Entities associated through some of these properties with one of the entities already qualified as reliably CCC are also directly qualified as reliably part of CCC. Although some of these relationships can be fortuitous, we considered them as important enough in order to qualify one article as CCC, assuming a broader interpretation of which entities are involved in a cultural context. This property is usually used for characterizing people and works.

Precision: The selection is precise.

Recall: We cannot stop at this point, we need more content.

Ambiguous annotation

Primary Articles / Annotation

The following Wikidata properties are direct and provide partial confidence.

Weak language properties: P407 (language of work or name), P1412 (language spoken) and P2936 (language used).

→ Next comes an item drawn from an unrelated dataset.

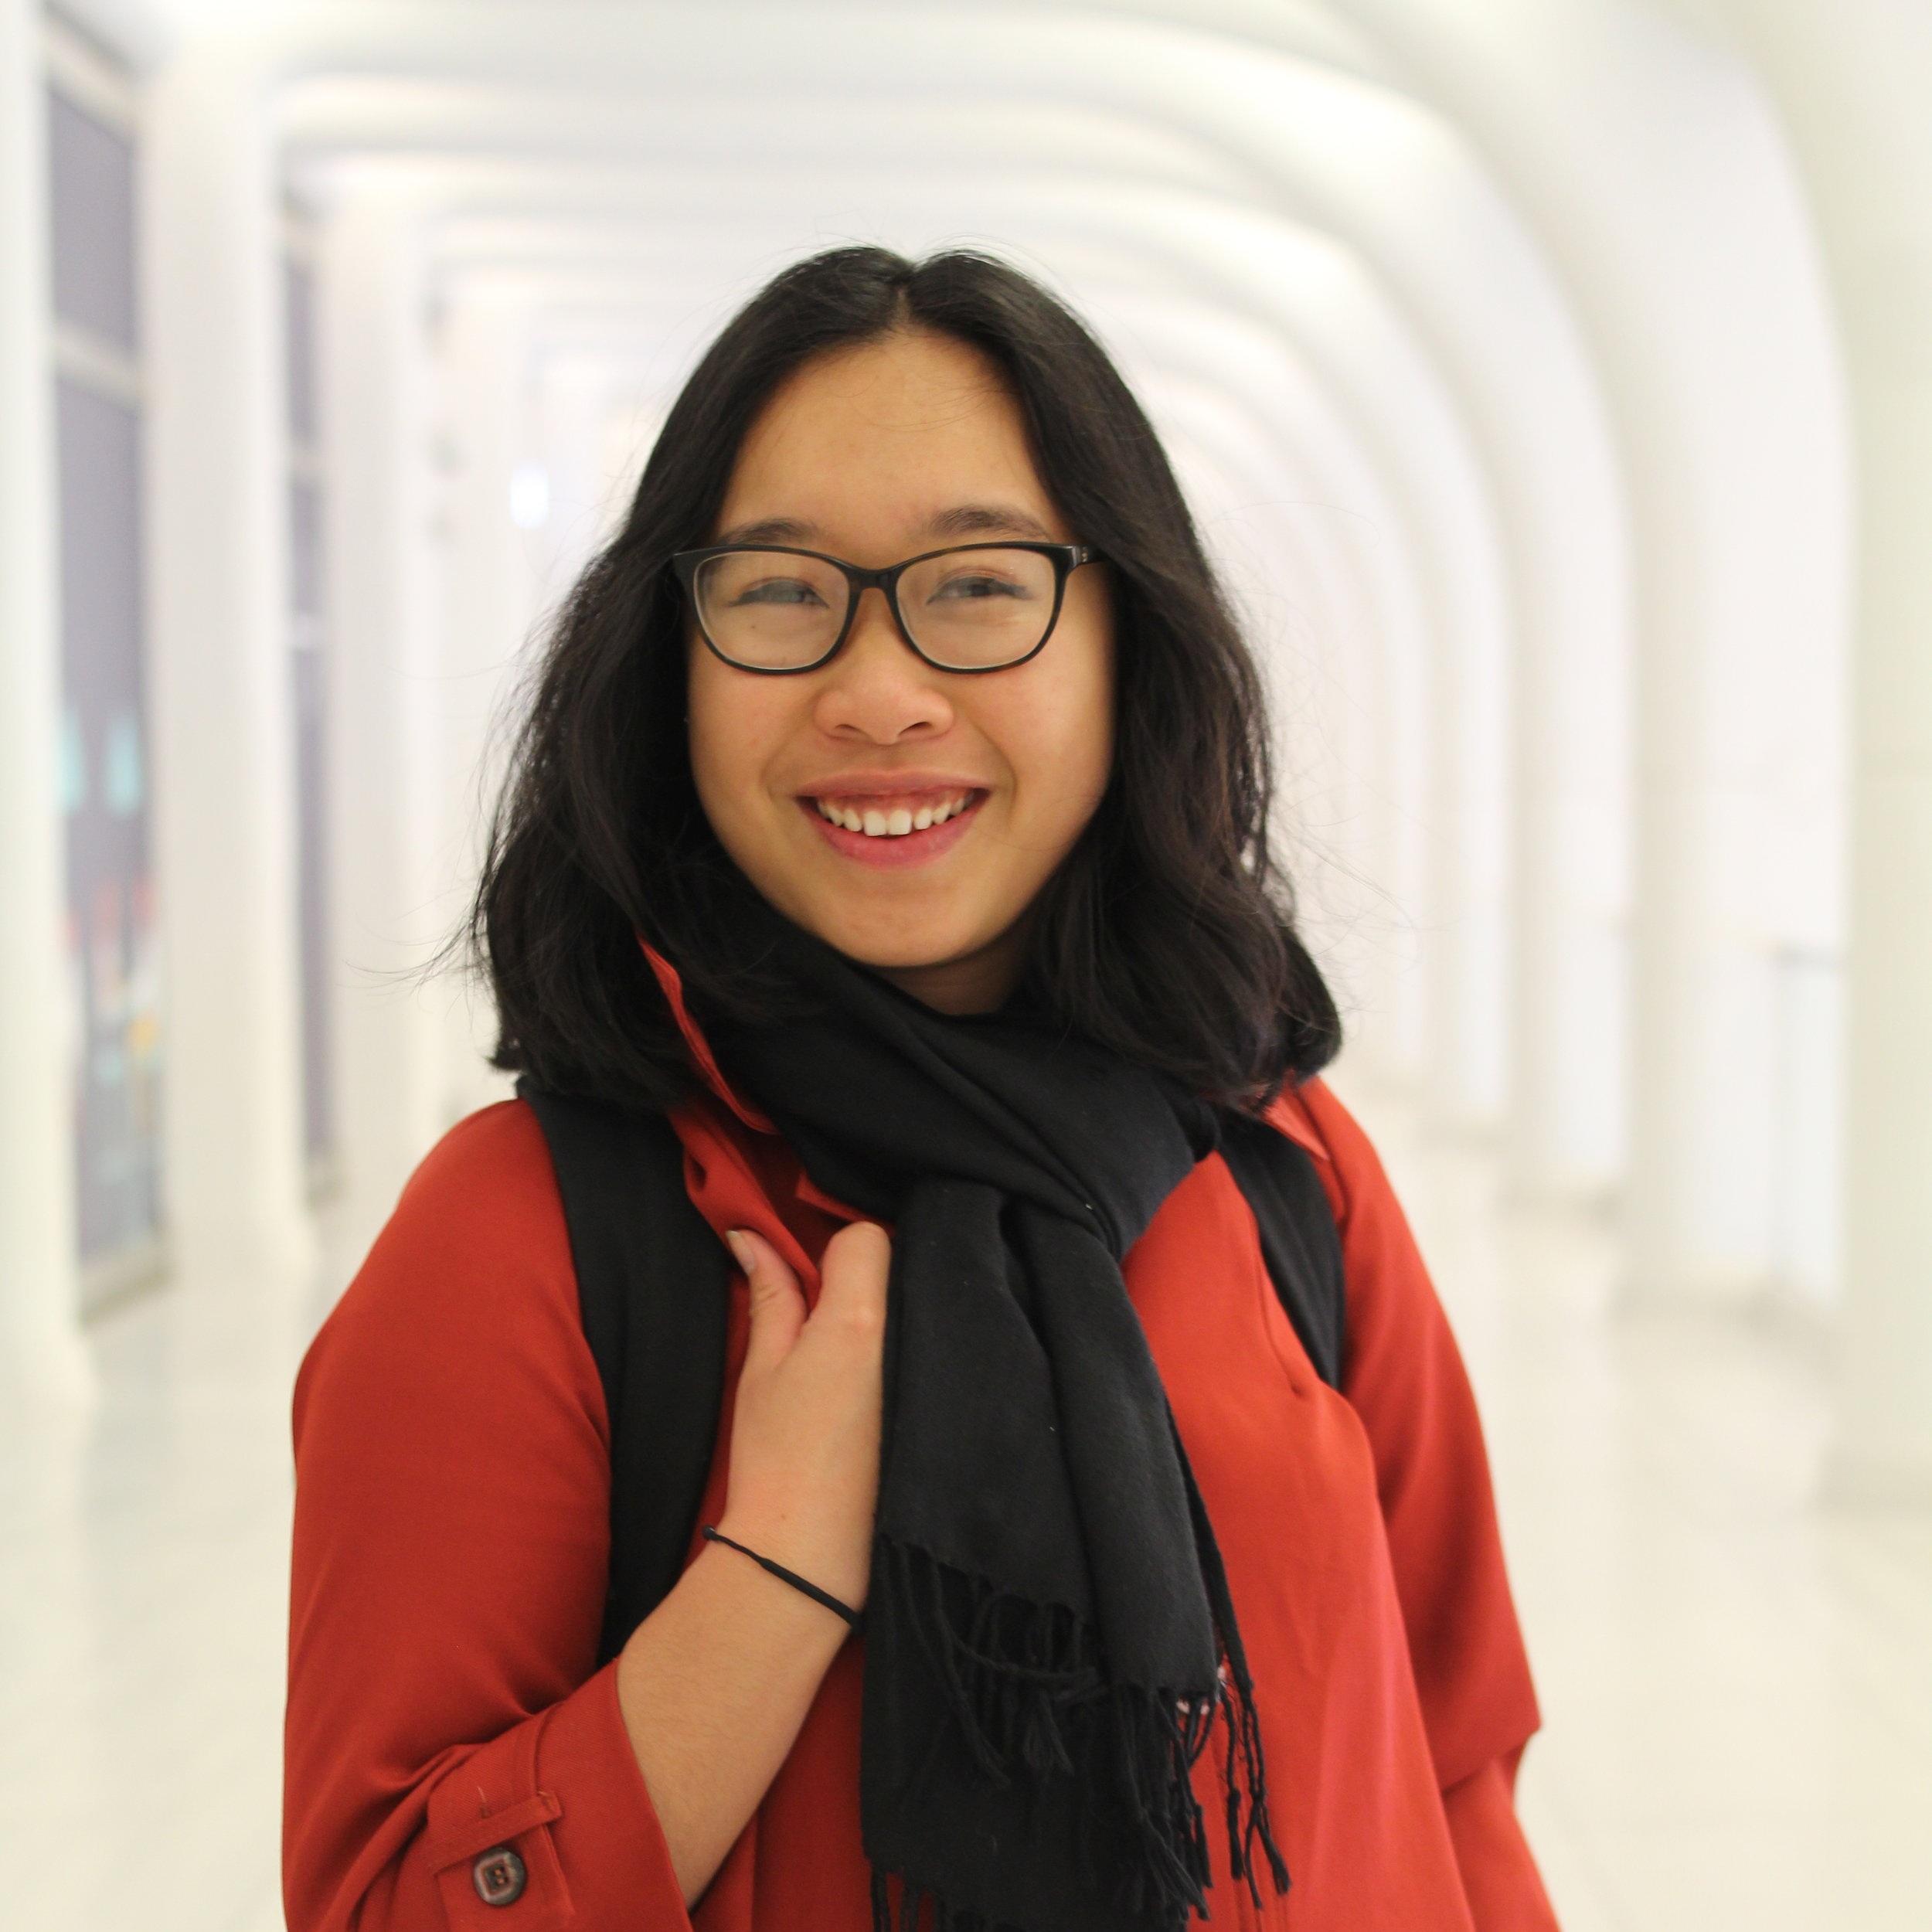 Cheyenne Cheng -

These properties are related to a language but present a weaker relationship with it. Therefore, entities associated through some of these properties with the language (or one if its dialects) may be related to it in a tangential. Hence, they were qualified as potentially CCC.

Wikidata

The following Wikidata properties provide partial confidence and take qitems/articles from 2A:

Affiliation properties: P463 (member of), P102 (member of political party), P54 (member of sports team), P69 (educated at), P108 (employer), P39 (position held), P937 (work location), P1027 (conferred by), P166 (award received), P118 (league), P611 (religious order), P1416 (affiliation) and P551 (residence).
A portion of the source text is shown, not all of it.